Although I hate to go down this road, let me take it a step further and say that not only did we have a fairly large number of – well meaning – but uneducated instructors teaching Kenpo, we also had an even larger number outright frauds teaching something to the public that they called Kenpo.
When I left Alaska in 1984, and moved back to California, I left my students with AC Rainey, who was actually our head instructor at the time anyway. I owned the school, but AC had shown up at my door about four years earlier and within the hour had become our head instructor, which is another story unto itself. Anyway, after I had been gone for about a year, I came back up to visit, only to discover that a yellow belt, from my own school, had decided not to go with AC, but instead went off and opened his own school – as a black belt. I just kept saying no way, no way! Finally they took me to this guys school, which was really nothing more than a room on the second floor of a small office building and there it was. Fortunately (for both of us) the school wasn’t open and I didn’t have to opportunity to personally express my . . . disappointment to this gentleman.
Anyway, so now we now have some well-meaning but uneducated instructors, along with some totally idiots, teaching “Ed Parker’s Kenpo” all over the country. It should be of no surprise that they would now start to, unwittingly, mess with the system. After all if you don’t know that a specific technique was designed to both introduce and reinforce specific principles, it’s easy to misinterpret the techniques as being ineffective.
Take the self-defense technique Thundering Hammers, for example. It defends against a right step-through punch with your first defensive maneuver being a left inward block against your opponent’s right punch followed by shuffling forward as you deliver a right inward horizontal forearm across your opponent’s stomach.

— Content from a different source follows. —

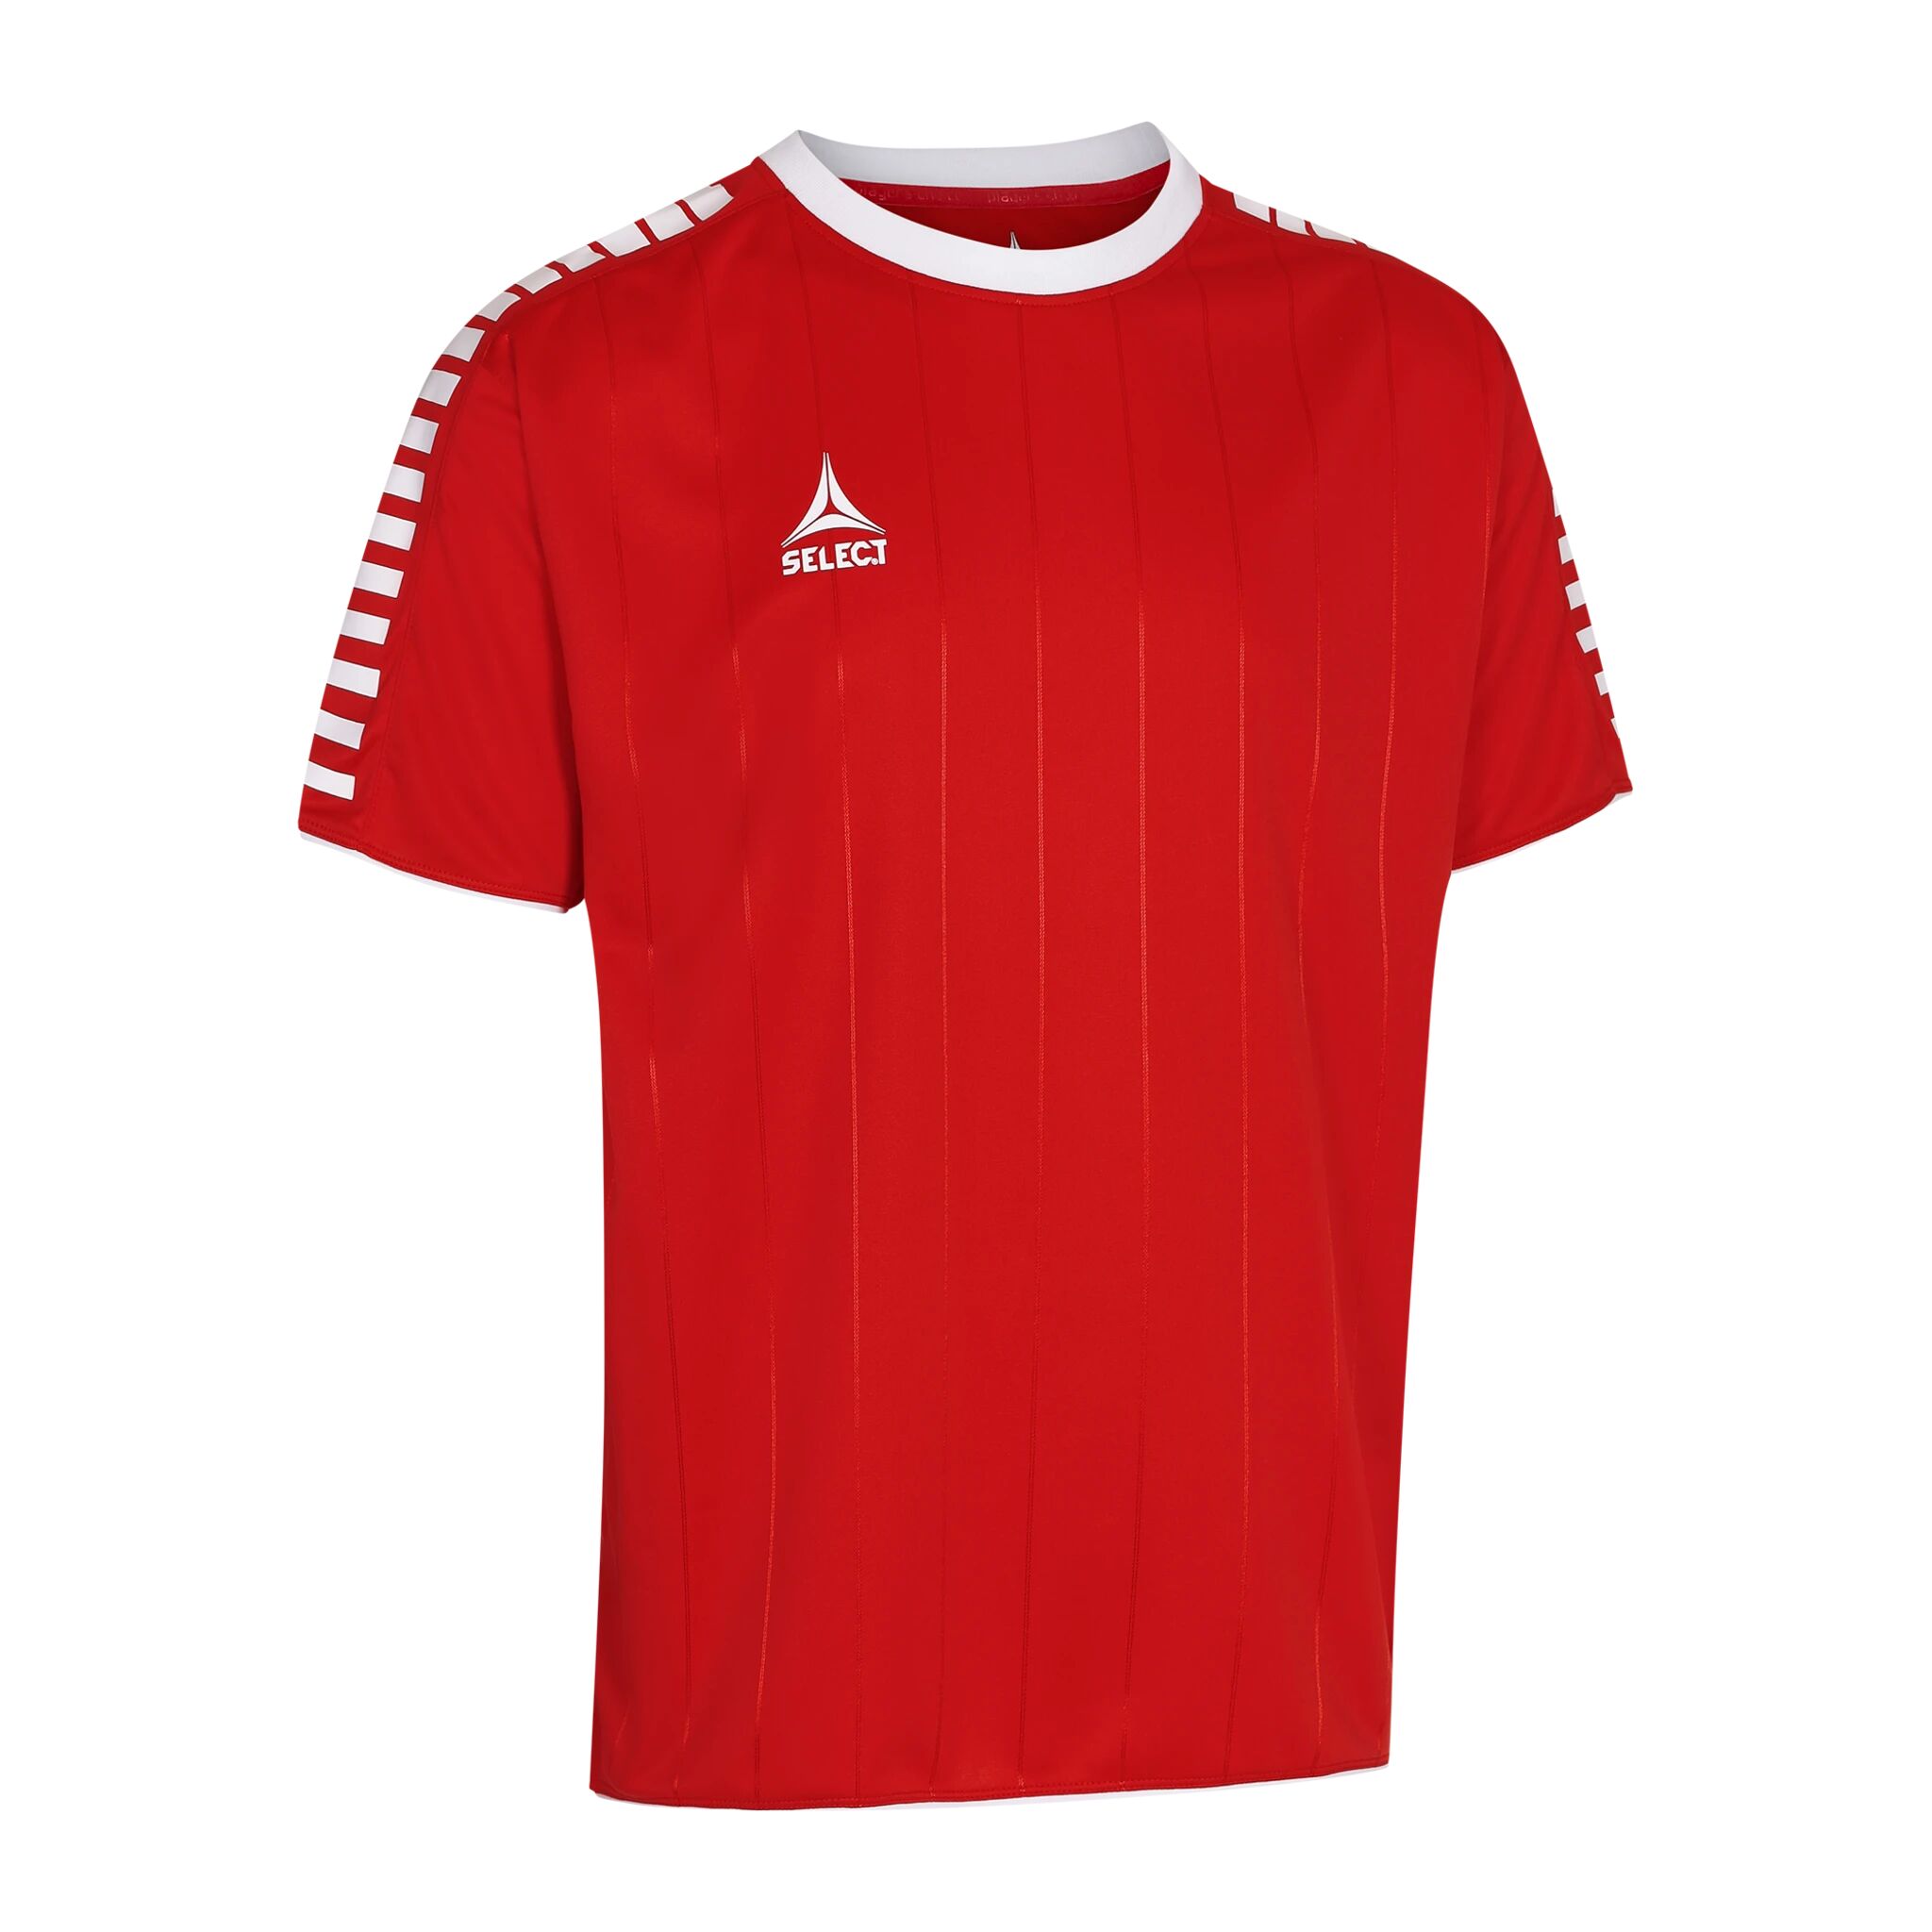 Select Player shirt S/S Argentina, fotballtrøye senior S RED

But almost before the technique is committed to memory, many instructors started changing the forearm strike to a punch or a heel palm and they changed the target from the stomach to the solar plexus or groin. What they didn’t do (because they didn’t know it themselves) was explain to the students that through the tailoring principle of Kenpo you can change the weapon, the target and the timing at will, but what you shouldn’t do is overlook the power generating principles that make the technique effective in the first place. In this case it’s the forward momentum, rotational force and marriage of gravity that give power to the initial strike – be it a forearm strike, a punch or a heel palm. What’s worse is the number of instructors who not only neglected the power generating principles, but also the checks, covers and footwork. Fully half the schools I visit don’t remember buckle their opponent’s forward leg, in unison, with their first strike. On top of that many people’s Thundering Hammers don’t Thunder. Instead they use little flipping hammer-fists that look like a vain attempt to keep their offensive moves within their outer rim instead of taking advantage of their outer perimeter.

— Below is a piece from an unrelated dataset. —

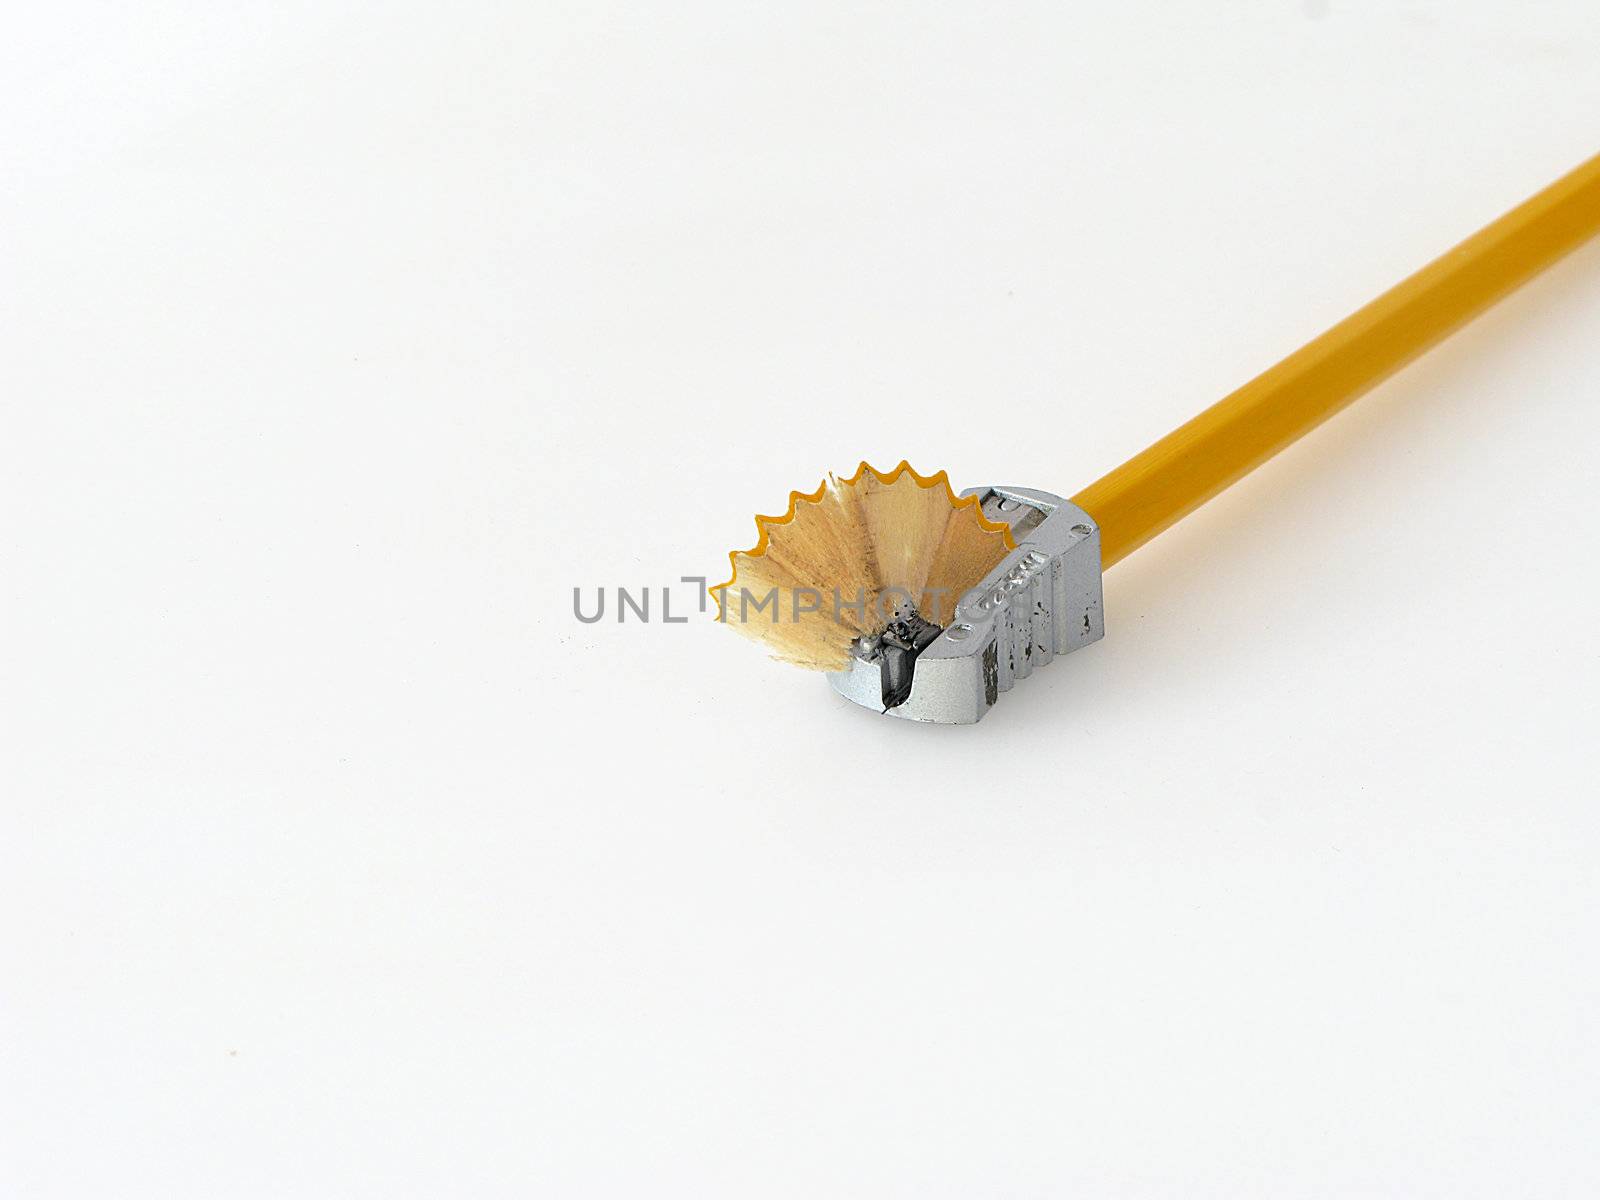 pencil with sharpener by matteobragaglio

What all of this means is don’t let the memorization of Kenpo replace the understanding of Kenpo. As a student of the art you will eventually memorize a lot of material, but do so as a byproduct of your study, not as the purpose of your study. For a martial artist to simply memorize Kenpo and then perform it without the knowledge and use of its principles is like a body builder going to the gym and lifting weights, day after day, with no knowledge of body building principles or nutrition. They will progress, to some degree, but they too will never reach their full potential.